Parses the StableHLO MLIR file and uses the provided split_fn to split the module. Returns a list of modules and metadata for each split.

Parameters:
  • file_path – Path to the input MLIR file.

  • output_path – Path to write the output (unused here but assumed for downstream).

  • split_fn – A function that takes a parsed module and returns a list of (ops, block_type) tuples.

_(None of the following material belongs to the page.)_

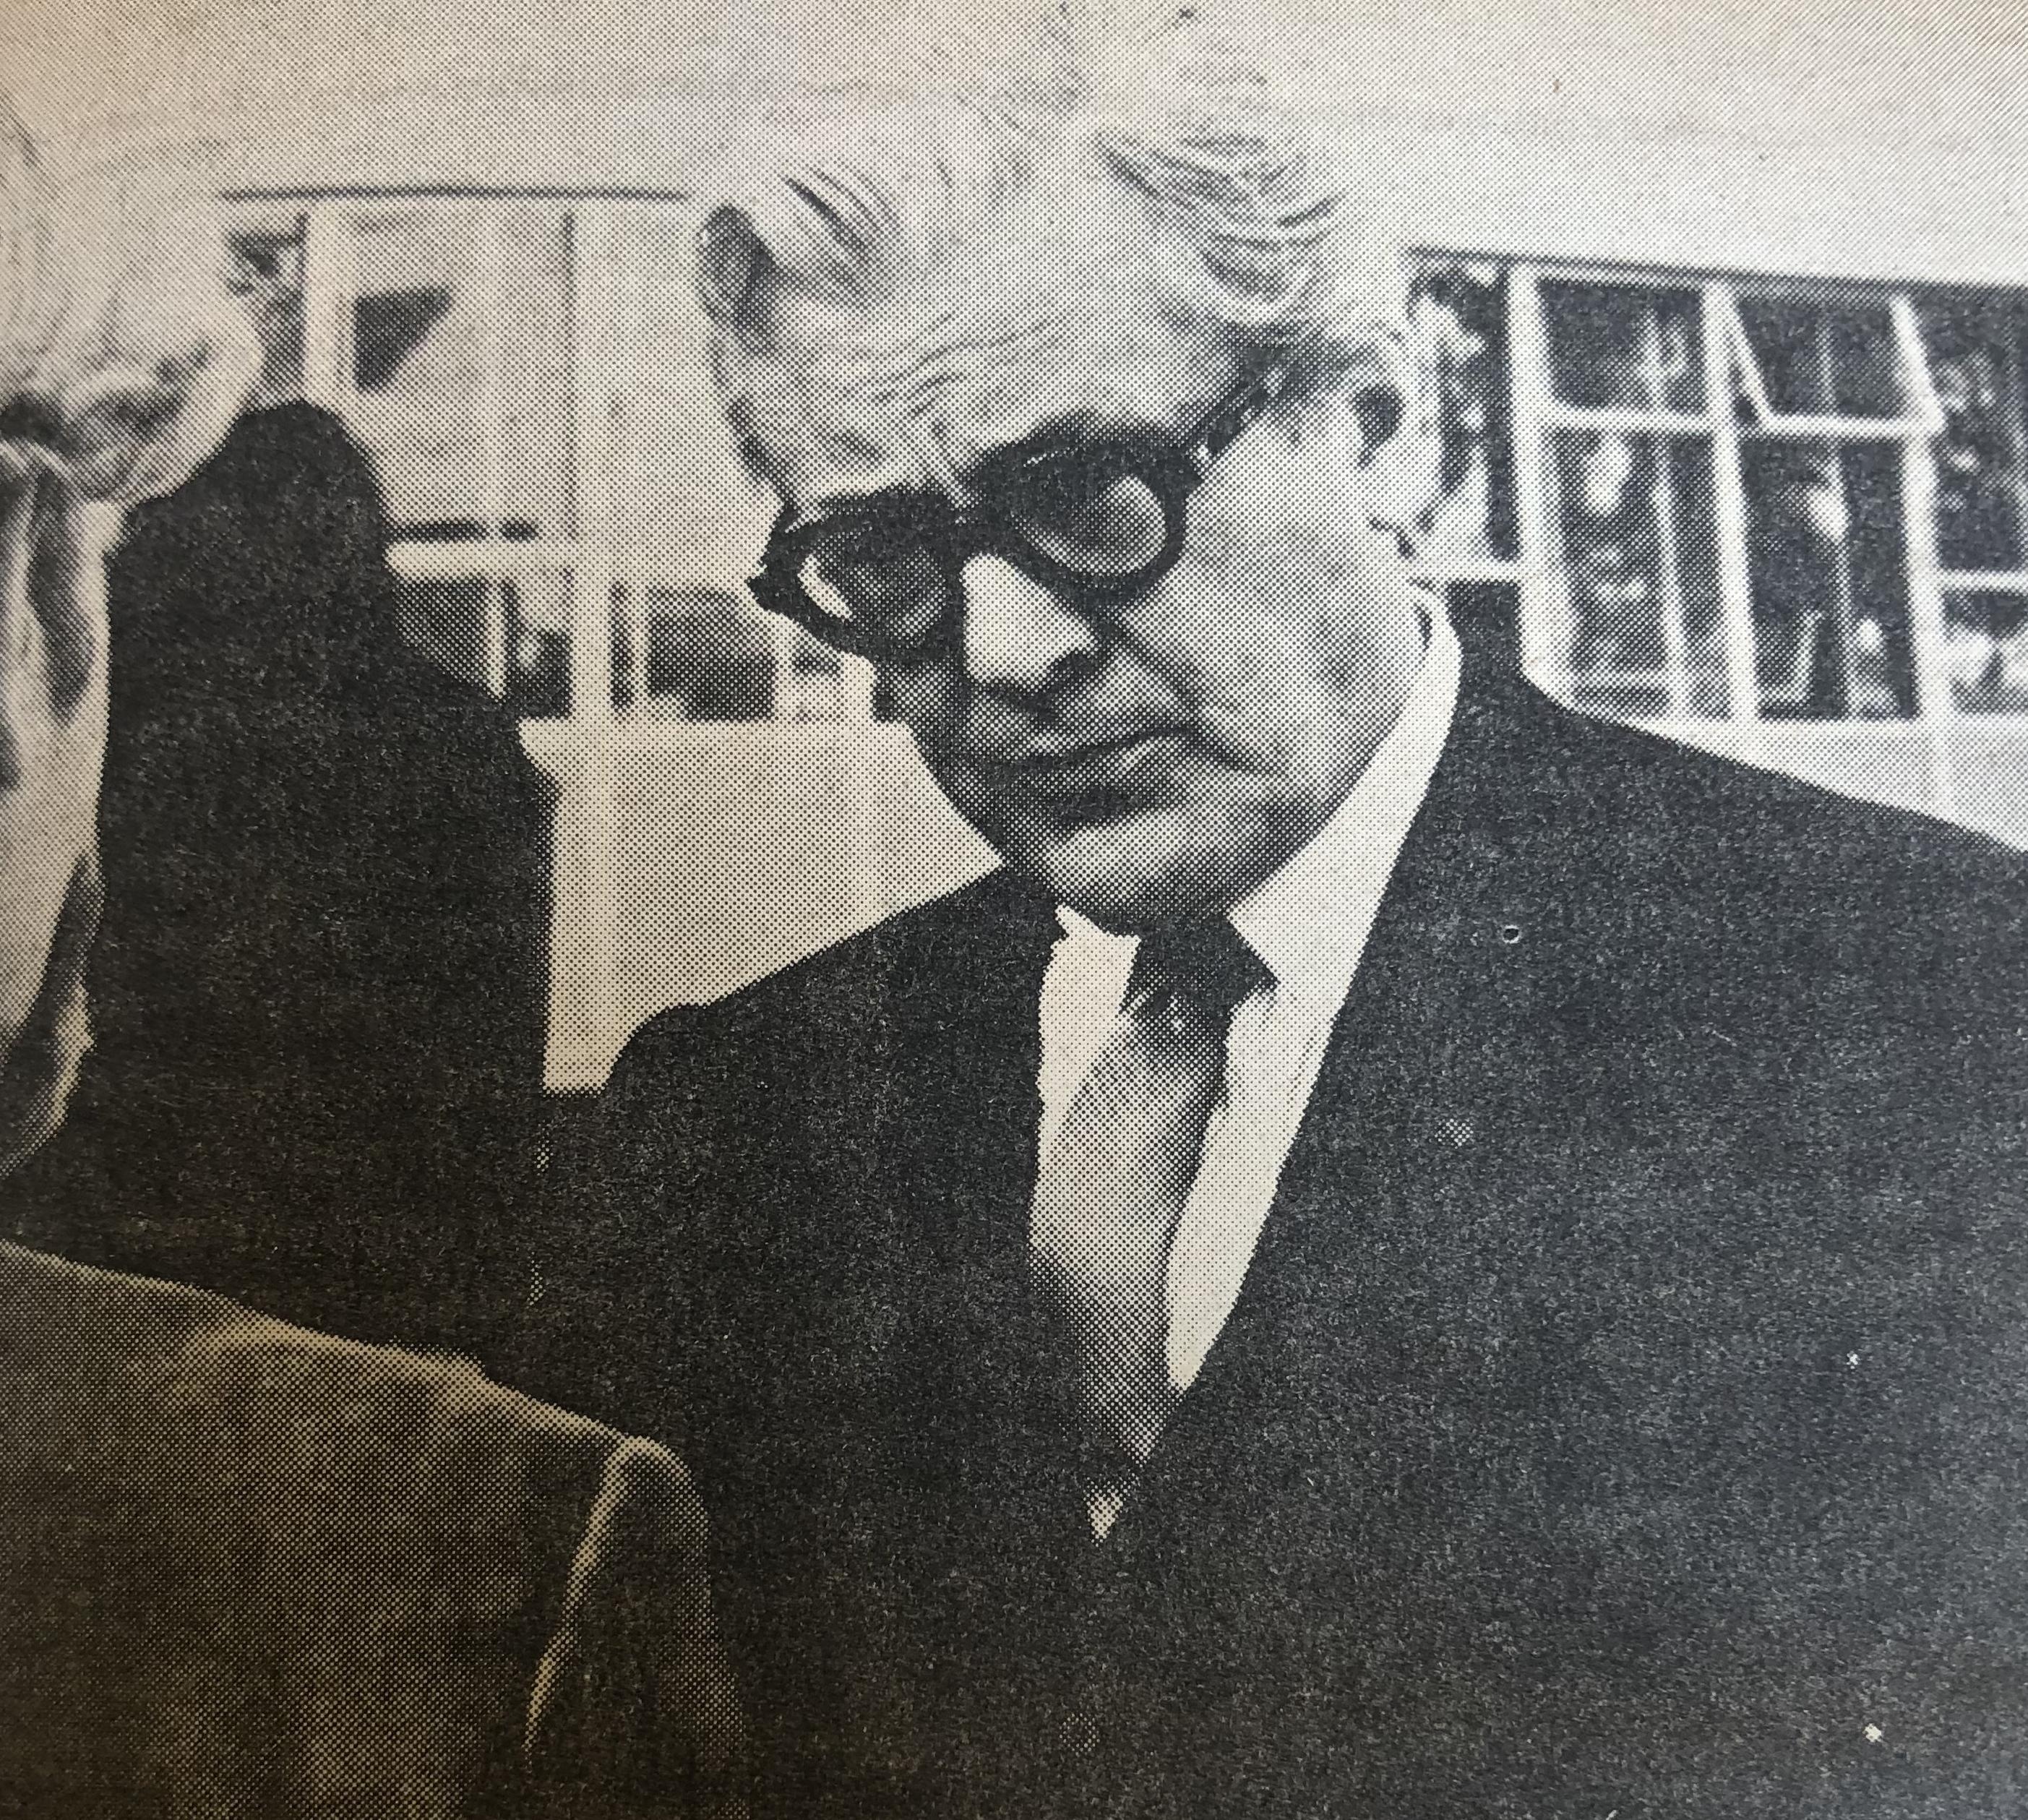 Melvin Belli.  Berkeley Citizen, January 20, 1967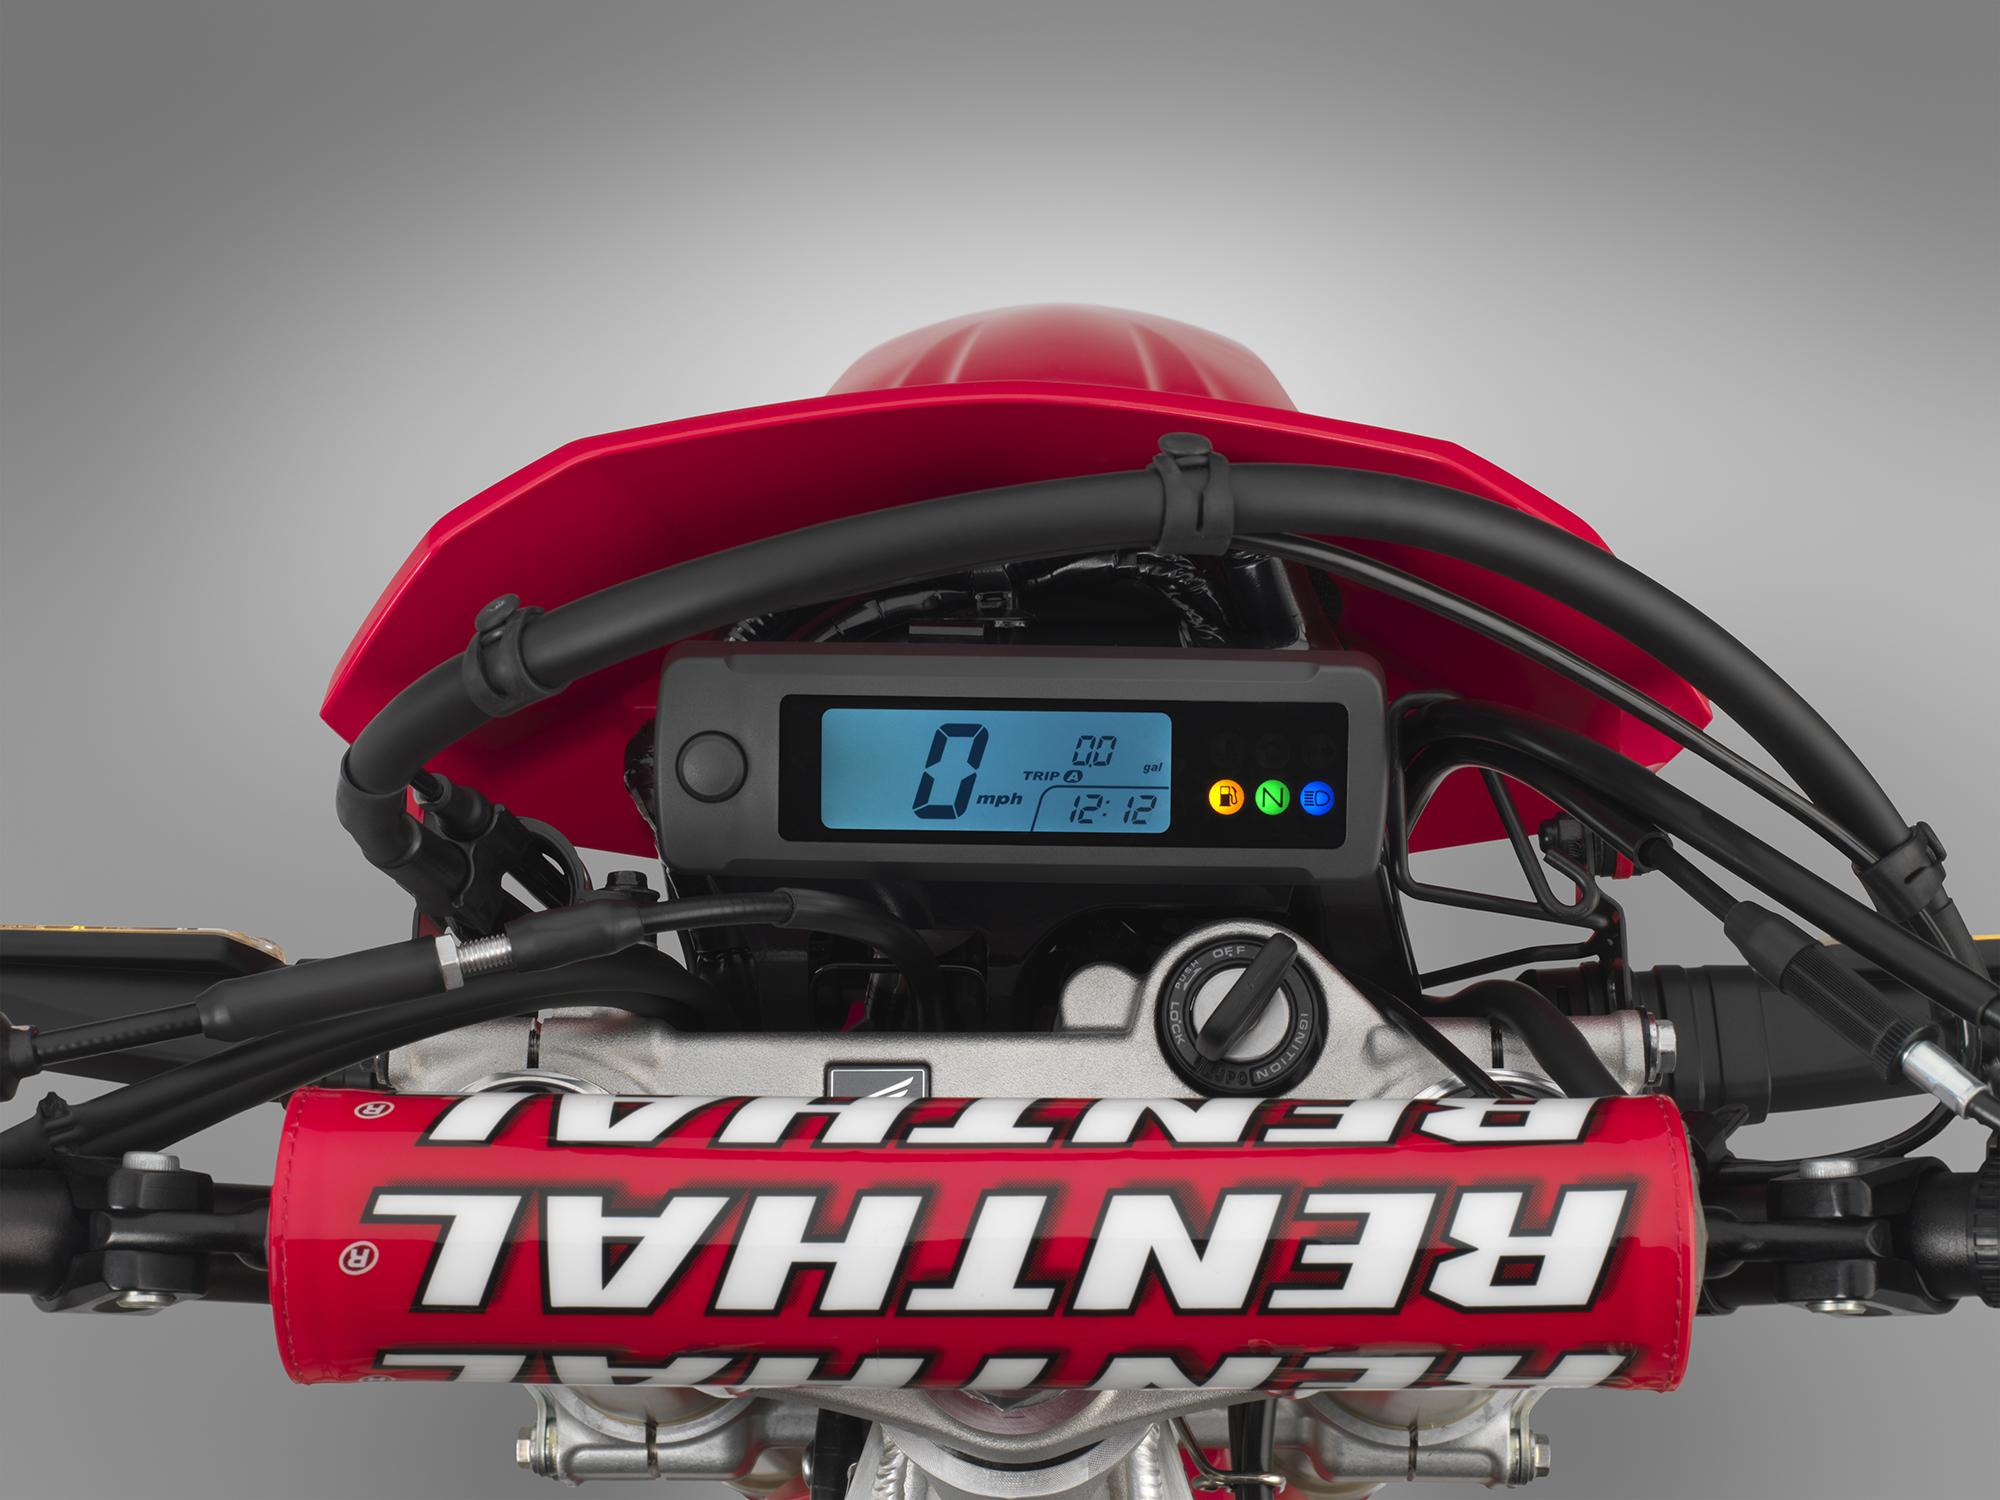 19 Honda CRF450L_instruments.jpg

class hespas.mlir_parser.MLIRParser(*, mlir_string=None, mlir_path=None, mlir_module=None, input_sensitive=False)

Bases: object

A class for parsing MLIR (Multi-Level Intermediate Representation) code.

ir_context = None
conv_dim_number_re = re.compile('stablehlo\\.conv\\s*<\\s*(\\[\\s*([fb01])\\s*,\\s*([fb01])\\s*,\\s*([fb01])\\s*,\\s*([fb01])\\s*\\])\\s*x\\s*(\\[\\s*([io01])\\s*,\\s*([io01])\\s*,\\s*([io01])\\s*,\\s*([io01])\\s*\\])\\s*->\\s*(\\[\)
window_attr_re = re.compile('window\\s*=\\s*{([^}]*)\\s*}')
window_sub_attr_re = re.compile('([a-zA-Z_\\-0-9]+)\\s*=\\s*(\\[[^=]+\\])')
static get_ir_context()
static get_module(mlir_string, context=None)
__init__(*, mlir_string=None, mlir_path=None, mlir_module=None, input_sensitive=False)

Initializes the MLIRParser with an MLIR string or file path.

Args:

mlir_input (str): The MLIR code as a string or the path to an MLIR file. input_sensitive (bool): Consider the inputs as part of the operator while considering uniqueness

property mlir_string
property operations
Extracts operators from the MLIR code using regular expressions.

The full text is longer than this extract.